The limbic system-associated membrane protein (LAMP) is a GPI-anchored cell adhesion molecule expressed heavily in limbic and limbic-associated regions of the developing and adult brain. Experimental studies show that LAMP promotes the growth of limbic neurons and guides the projections of limbic fibers. In order to examine the functional consequences of disrupting limbic circuit assembly, we generated a mouse line in which the Lsamp gene encoding LAMP was deleted. Basic neuroanatomical organization and sensory and motor development are normal in Lsamp(-/-) mice. The most profound change in behavior in both male and female Lsamp(-/-) mice is a heightened reactivity to novelty exhibited in several behavioral tests. Lsamp(-/-) mice display hyperactivity in a novel arena and both sexes habituate to the same activity levels as their wild type littermates, but at different rates.

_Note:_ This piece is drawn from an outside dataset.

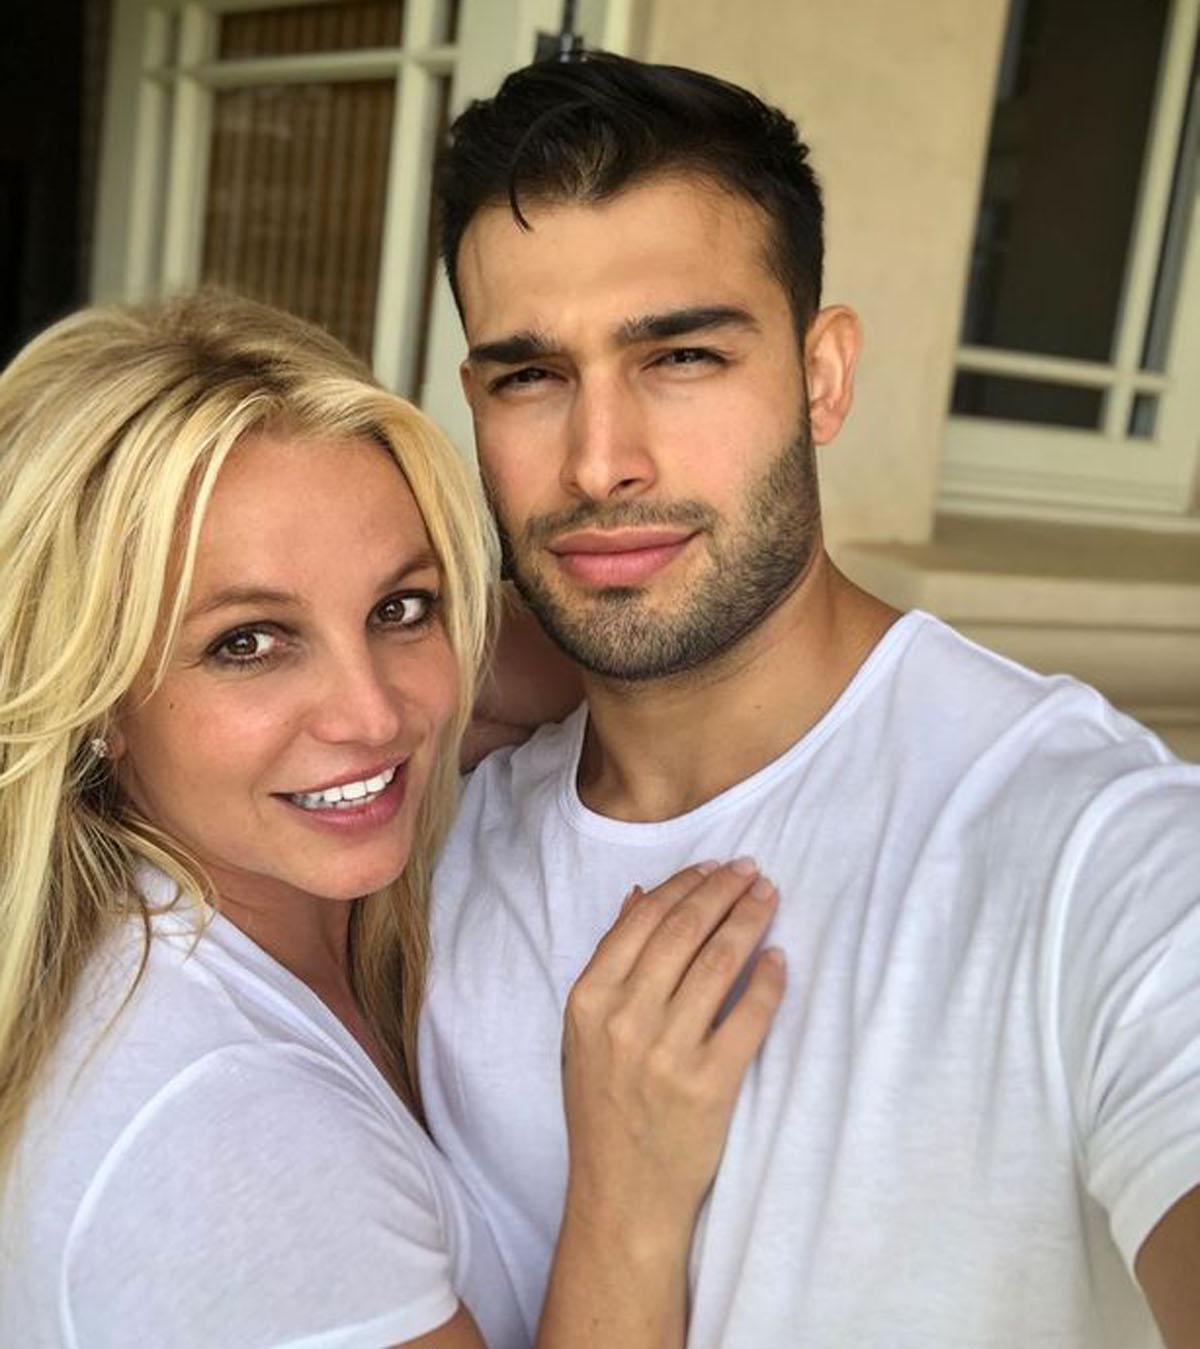 Britney Spears og Sam Asghari (Instagram/samasghari)

In the elevated plus maze, Lsamp(-/-) mice exhibit increased total arm entries, with a bias towards the open arms; they spend more time in the open arms and have a substantial increase in the amount of risk assessment in unprotected areas of the maze. In the y-maze, Lsamp(-/-) mice exhibit characteristic hyperactivity and a decreased level of spontaneous alternation during the period when their novelty-induced hyperactivity is at its peak. We hypothesize that Lsamp(-/-) mice may not simply exhibit a decrease in anxiety, but may have a heightened, and possibly maladaptive, response to novel environmental stressors. Genetic deletion of Lsamp may thus cause circumscribed changes in the fine connectivity of specific circuits that underlie these behaviors.